Prognostic associations in TCGA and PRECOG. (A) Correlation matrix of TP53 signatures using Spearman correlation coefficients (SCC). (B) KM plots for UCEC in TCGA based on TP53 mutation status (left) or p53 deficiency scores (PDS) (right). (C) KM plots for LUAD in TCGA based on TP53 mutation status (left) or PDS (right). LR p-value calculated between groups using Log-rang tests, HR hazard ratio. (D) Meta-p-values for association between PDSs and prognosis in PRECOG. Bars indicate − log10(meta p-values). Negative values indicate a hazardous role for PDSs, while positive values represent protective associations. LGG (brain lower grade glioma), GBM (glioblastoma multiforme), SARC (sarcoma), KICH (kidney chromophobe), READ (rectum adenocarcinoma), COAD (colon adenocarcinoma), ESCA (esophageal carcinoma), LUSC (lung squamous cell carcinoma), SKCM (skin cutaneous melanoma), PRAD (prostate adenocarcinoma), STAD (stomach adenocarcinoma), LIHC (liver hepatocellular carcinoma), OV (ovarian serous cystadenocarcinoma), UCEC (uterine corpus endometrial carcinoma), BRCA (breast invasive carcinoma), LUAD (lung adenocarcinoma), BLCA (bladder urothelial carcinoma), UCS (uterine carcinosarcoma), HNSC (head and neck squamous cell carcinoma), PAAD (pancreatic adenocarcinoma).

The percentage of surviving patients is high for most TCGA cancer types, which makes it difficult to identify prognostic associations due to low statistical power. We selected cancer types with a relatively high death event percentage (> 50%). Within these cancer types, we observed significant differences in survival, including uterine corpus endometrial carcinoma (log-rank p = 0.003) and lung adenocarcinoma (log-rank p = 0.008) (Fig. 1B,C). Interestingly, there was no statistical association between overall survival and TP53 mutation status in these cancer types (Fig. 1B,C). In fact, TP53 mutation status was only prognostic in pancreatic adenocarcinoma (log-rank p = 2E−3). To more comprehensively evaluate the association between PDS and patient prognosis, we also utilized the PRECOG dataset15, a comprehensive collection of more than 100 gene expression datasets with high-quality survival data from patients treated with standard-of-care chemotherapy. We confirmed the prognostic relevance of PDS in uterine corpus endometrial carcinoma and lung adenocarcinoma and found a number of additional cancer types in which p53 deficiency was associated with prognosis. Generally, high PDSs were associated with shorter survival; high PDSs were hazardous in patients with prostate adenocarcinoma, bladder urothelial carcinoma, breast invasive carcinoma, liver hepatocellular carcinoma, and head and neck squamous carcinoma (Fig. 1D).
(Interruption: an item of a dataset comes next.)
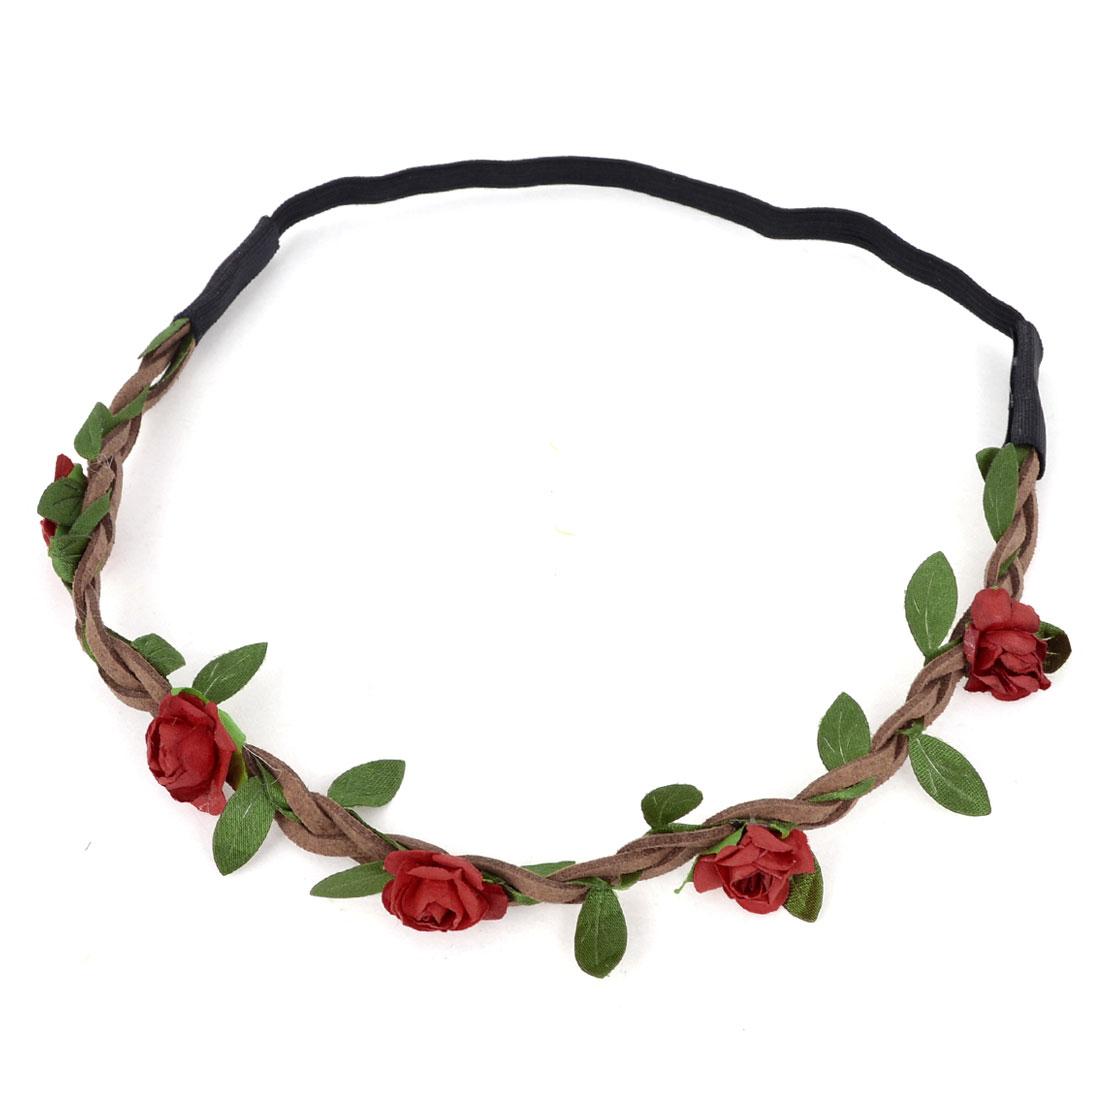 Women Hairdressing Elastic Braided Strap Floral Design Headwear Hairband

Interestingly, brain cancers including glioblastoma multiforme and brain lower grade glioma showed a negative association with survival, as well as ovarian serous cystadenocarcinoma (Fig. 1D). These findings suggest that under standard-of-care chemotherapy, p53 deficiency is associated with poorer survival outcomes in about half of the evaluated cancer types; exceptions were observed in brain cancers in which p53 deficiency is associated with improved survival.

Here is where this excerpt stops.